Enrichment of colorectal cancer associations in functional regions: insight for combining ENCODE and Roadmap Epigenomics data in the analysis of whole genome sequencing-imputed GWAS. S. Rosse1, P. Auer2,1, T. Harriason1, C. Carlson1, C. Qu1, G. R. Abecasis3, S. I. Berndt4, S. Bézieau5, H. Brenner6, G. Casey7, A. T. Chan8, J. Chang-Claude9, S. Chen3, S. Jiao1, C. M. Hutter10, L. Le Marchand11, S. M. Leal12, P. A. Newcomb1, M. L. Slattery13, J. Smith14, E. White1, B. W. Zanke15, U. Peters1, D. A. Nickerson14, A. Kundaje16, 17, L. Hsu1 1) Public Health Genetics, Fred Hutchinson Cancer Research Center, Seattle, WA; 2) School of Public Health, University of Wisconsin, Milwaukee, WI; 3) Biostatistics, University of Michigan School of Public Health, Ann Arbor, Michigan; 4) Division of Cancer Epidemiology and Genetics, NCI, Bethesda, MD; 5) Service de Génétique Médicale, CHU Nantes, Nantes, France; 6) Division of Clinical Epidemiology and Aging Research, German Cancer Consortium (DKTK), Heidelberg, Germany; 7) Department of Preventive Medicine,University of Southern California, Keck School of Medicine, Los Angeles, CA; 8) Division of Gastroenterology,Massachusetts General Hospital and Harvard Medical School, Boston, MA; 9) Division of Cancer Epidemiology,German Cancer Research Center, Heidelberg, Germany; 10) Division of Cancer Control and Population Sciences, NCI, Bethesda, MD; 11) Epidemiology, University of Hawaii Cancer Center, Honolulu, HI; 12) Department of Molecular and Human Genetics, Baylor College of Medicine, Houston, TX; 13) Department of Internal Medicine, University of Utah Health Sciences Center, Salt Lake City, UT; 14) Department of Genome Sciences and Howard Hughes Medical Institute, University of Washington, Seattle, WA; 15) Division of Hematology, Faculty of Medicine, The University of Ottawa, Ottawa, ON; 16) Department of Genetics, Stanford University, Stanford, CA; 17) Department of Computer Science, Stanford University, Stanford, CA.

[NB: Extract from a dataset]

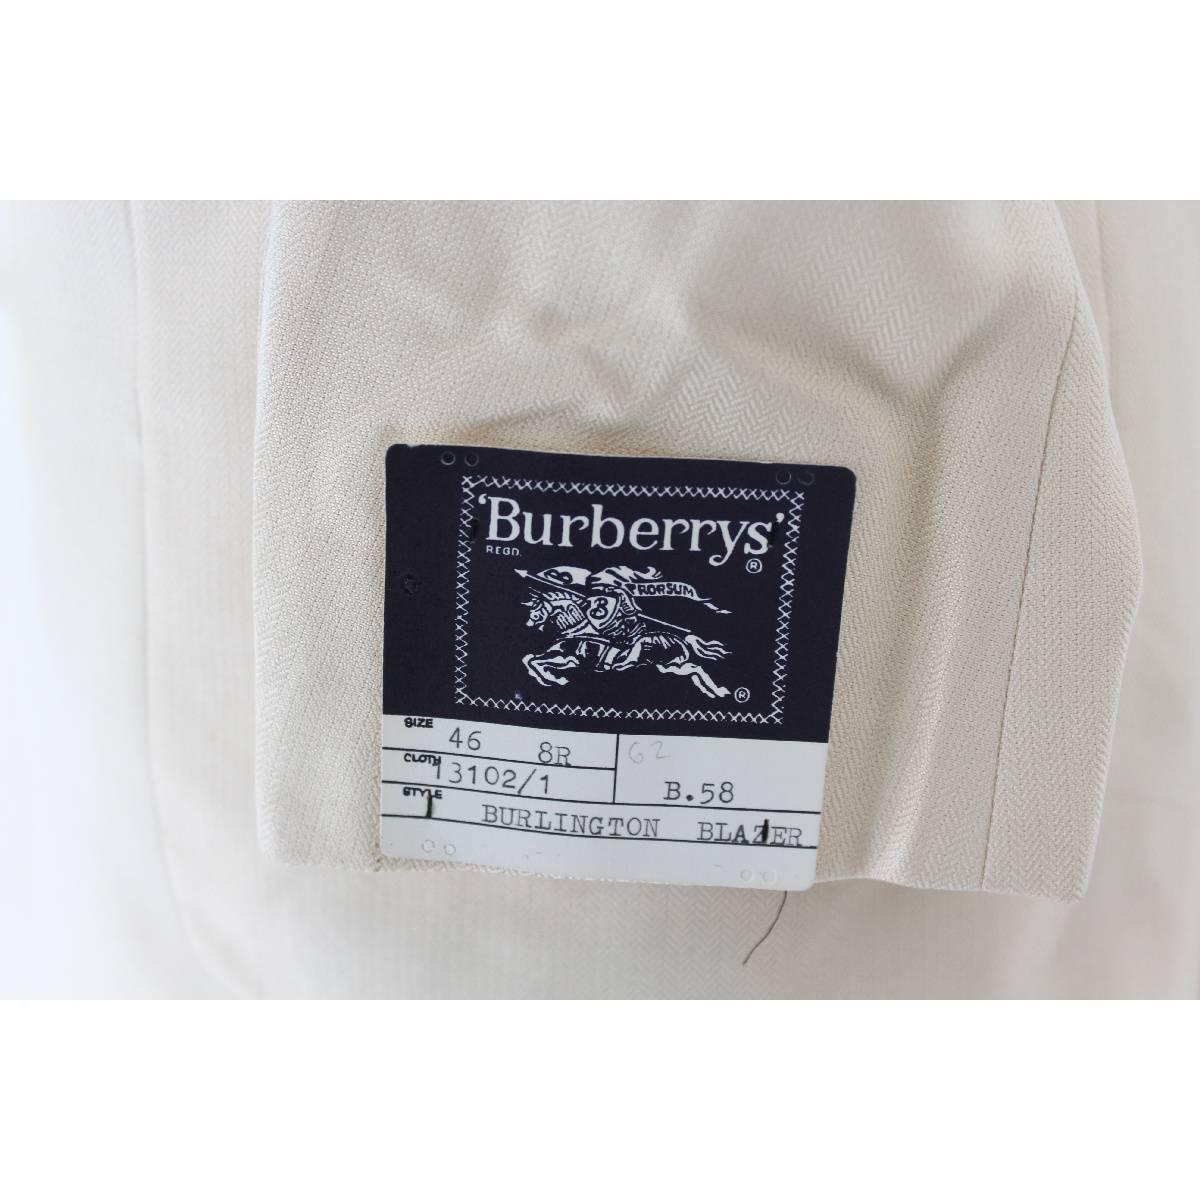 Men's Nwt Burberry vintage jacket double-breasted burlington 100% silk men’s size 46 i

   To investigate the role of low frequency genetic variation in colorectal cancer (CRC) susceptibility, the Genetics and Epidemiology of Colorectal Cancer Consortium (GECCO) and the Colorectal Cancer Family Registry (CCFR) conducted genome-wide association studies (GWAS) of 12,661 CRC cases and 14,361 controls with imputation using a whole-genome sequence (6x coverage) reference panel of 610 CRC cases and 309 controls. These data provide a unique opportunity to investigate less-frequent and rare variants with minor allele frequencies (MAF) 0.1-5%, which contribute to the majority of the variation in the genome. However, as statistical power is limited for detection of rare variant associations we aim to address this limitation by incorporating functional data. To evaluate whether these data would be useful in discovering novel rare variant association we used ENCODE and Roadmap Epigenomics Project data to define hypothesized enhancer, promoter, and other regulatory regions in colon and rectal tissue and assessed whether these regions were enriched in GECCO-CCFR GWAS results for both aggregate-rare-variant and common-single-variant association tests. To define functional elements across the genome, we used chromatin structure across cell types and tissues to improve the resolution of CRC epigenetic signatures (uniform ChIP-seq signals). We then identified sets of rare variants and single common variants that overlapped with predicted regulatory regions to investigate enrichment of association p-values relative to those in non-CRC-regulatory regions across the genome using the Kolmogorov-Smirnov test. We found significant enrichment in regions that overlapped with predicted CRC regulatory regions for both rare variant (p=0.0001) and common variants (p=2.69e-27). In addition, we found that regulatory prediction using high resolution ChIP-seq data corresponded with in vitro identification of three previously identified CRC GWAS loci (MYC- rs6983267, CDH1-rs16260, and COLCA1-rs7130173). These results suggest that functional insight of cell-type specific regulatory mechanisms can inform the discovery of genetic associations and may be useful for incorporation into future association testing.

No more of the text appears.